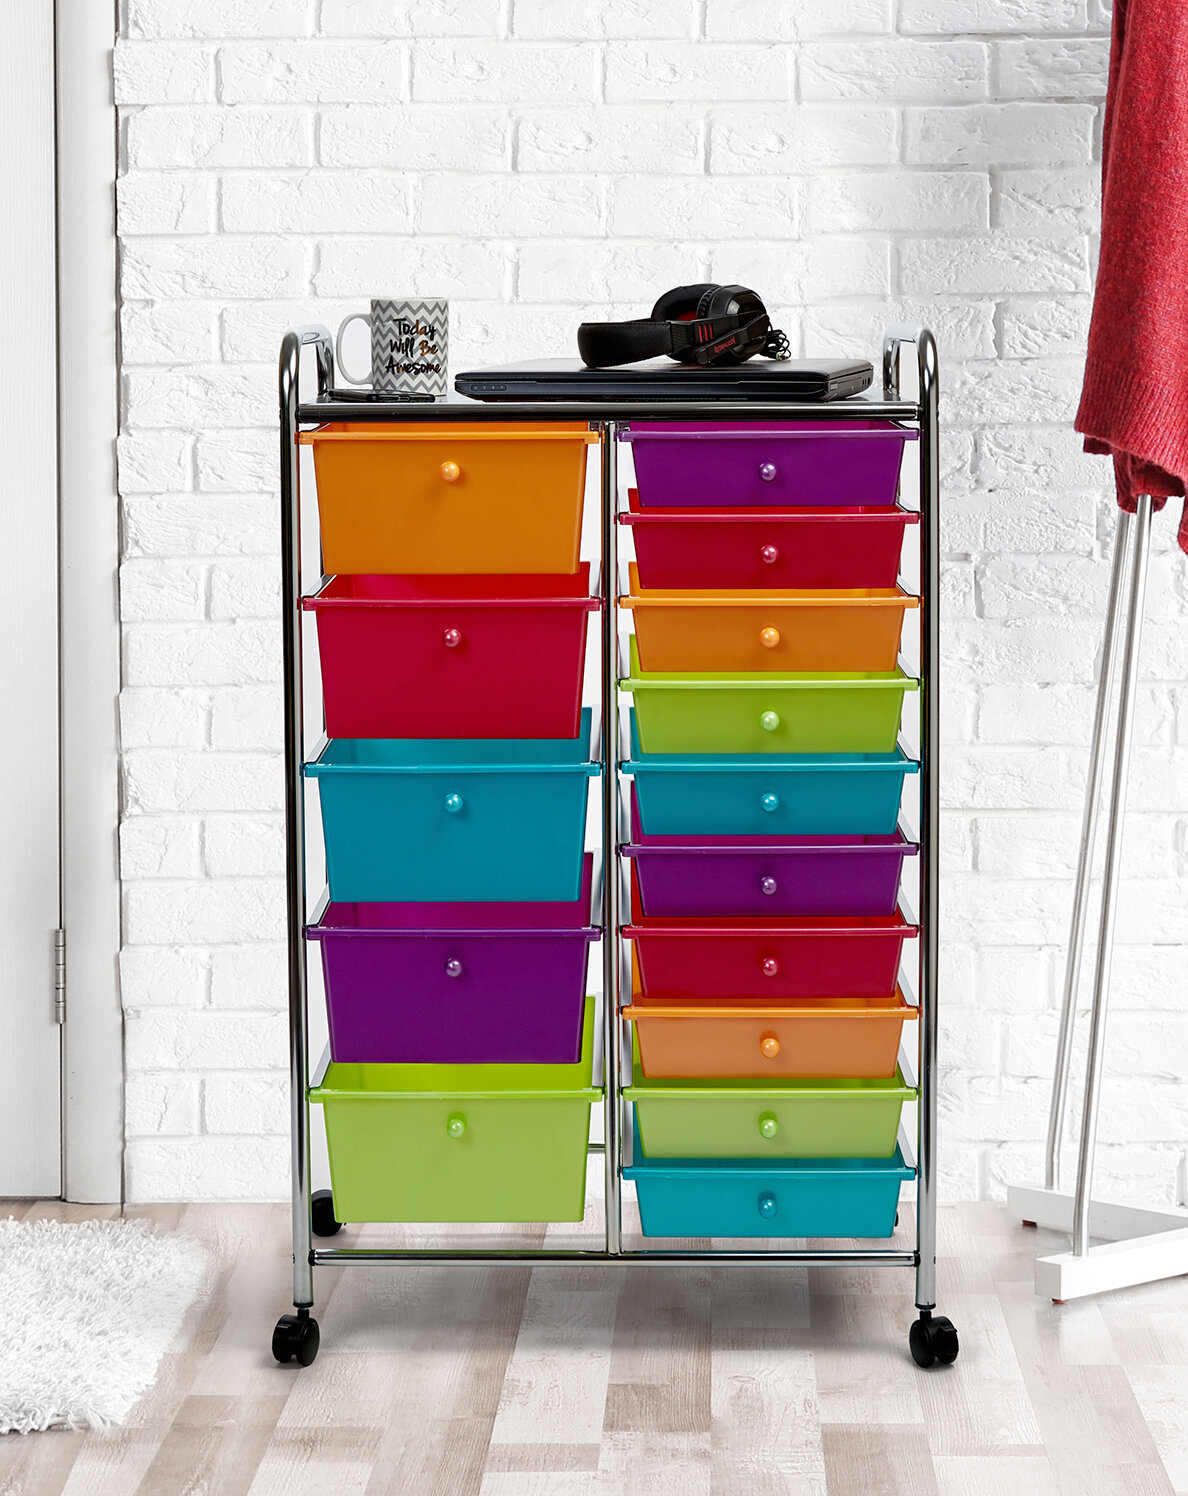 Hoffman 15 Drawer Rolling Storage Chest The Twillery Co. Color: Multicolored
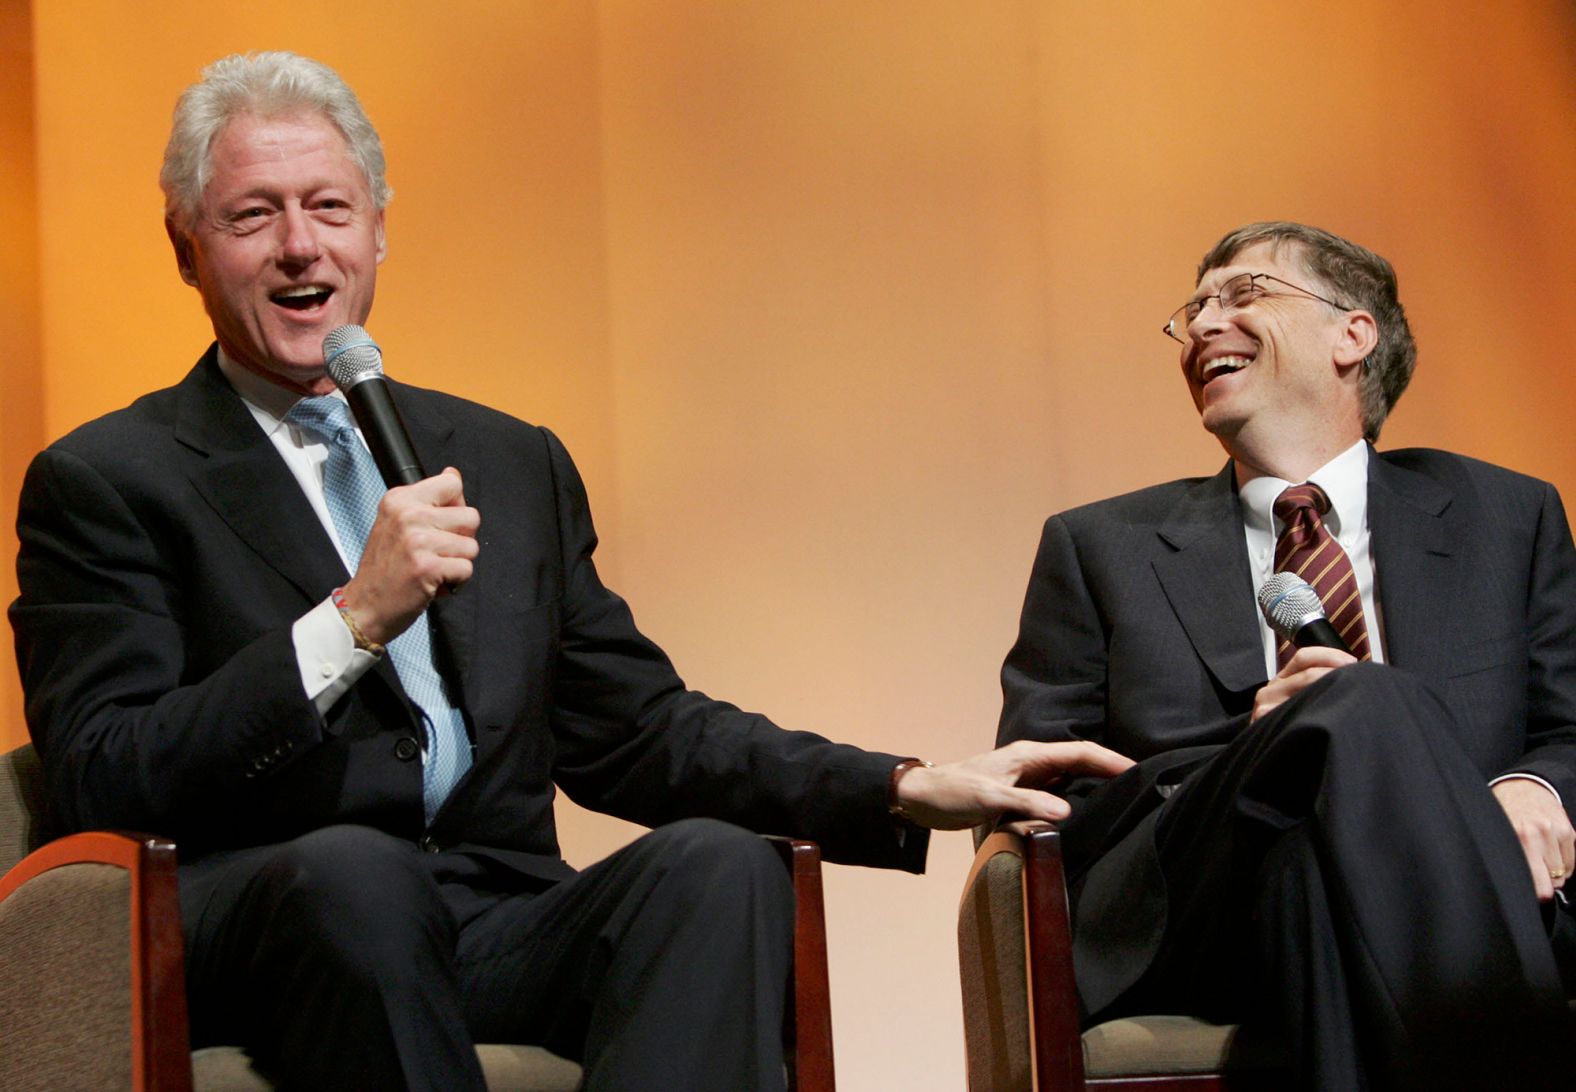 Gates laughs with former US President Bill Clinton at a Time Magazine Global Health Summit in New York in 2005. That year, Gates was named <a href="https://content.time.com/time/specials/packages/0,28757,2016788,00.html" target="_blank" target="_blank">Time's "Person of the Year"</a> along with his wife, Melinda, and musician Bono.
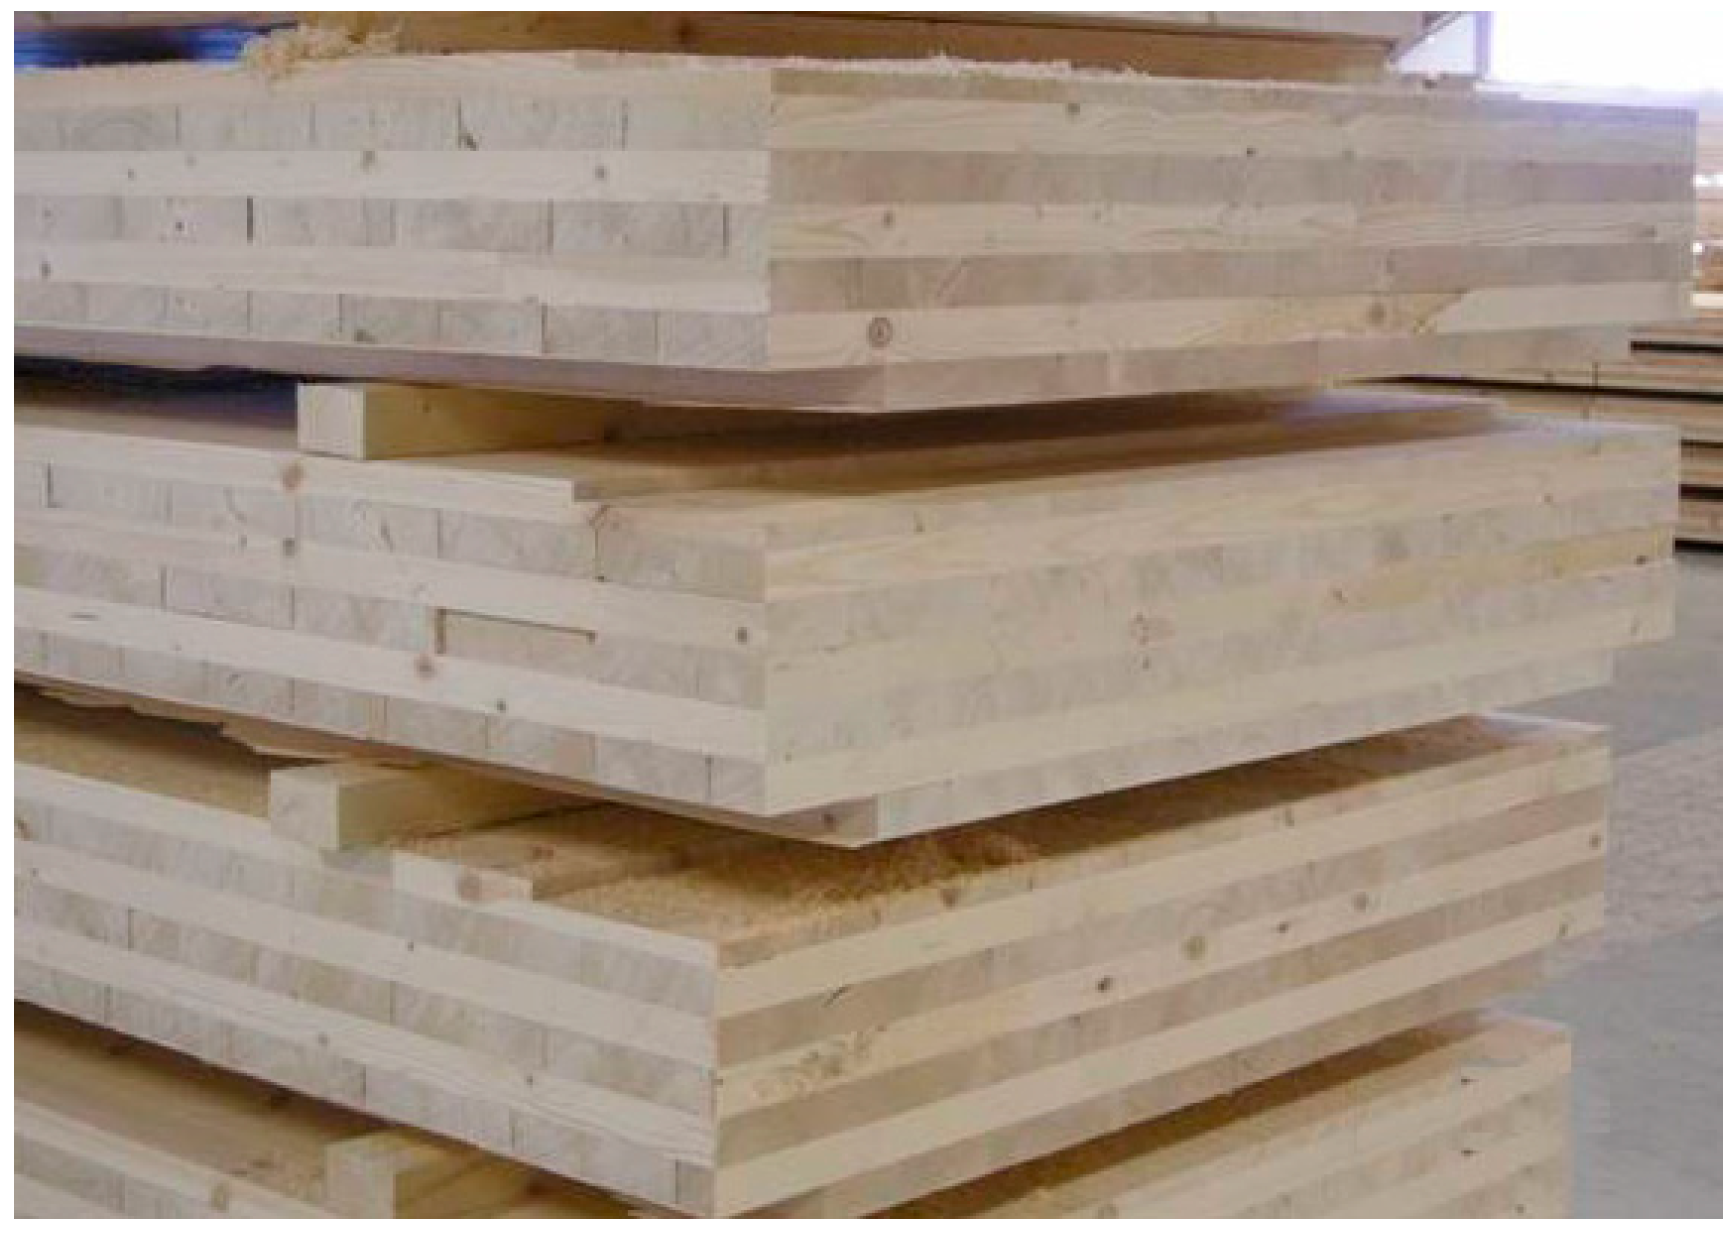 Sustainability | Free Full-Text | Assessing Cross Laminated Timber ...

What this task involves: Nothing but the pictures should be left out when the listing above is transcribed.

Exercise answer:
 Hoffman 15 Drawer Rolling Storage Chest The Twillery Co. Color: Multicolored
 Gates laughs with former US President Bill Clinton at a Time Magazine Global Health Summit in New York in 2005. That year, Gates was named <a href="https://content.time.com/time/specials/packages/0,28757,2016788,00.html" target="_blank" target="_blank">Time's "Person of the Year"</a> along with his wife, Melinda, and musician Bono.
 Sustainability | Free Full-Text | Assessing Cross Laminated Timber ...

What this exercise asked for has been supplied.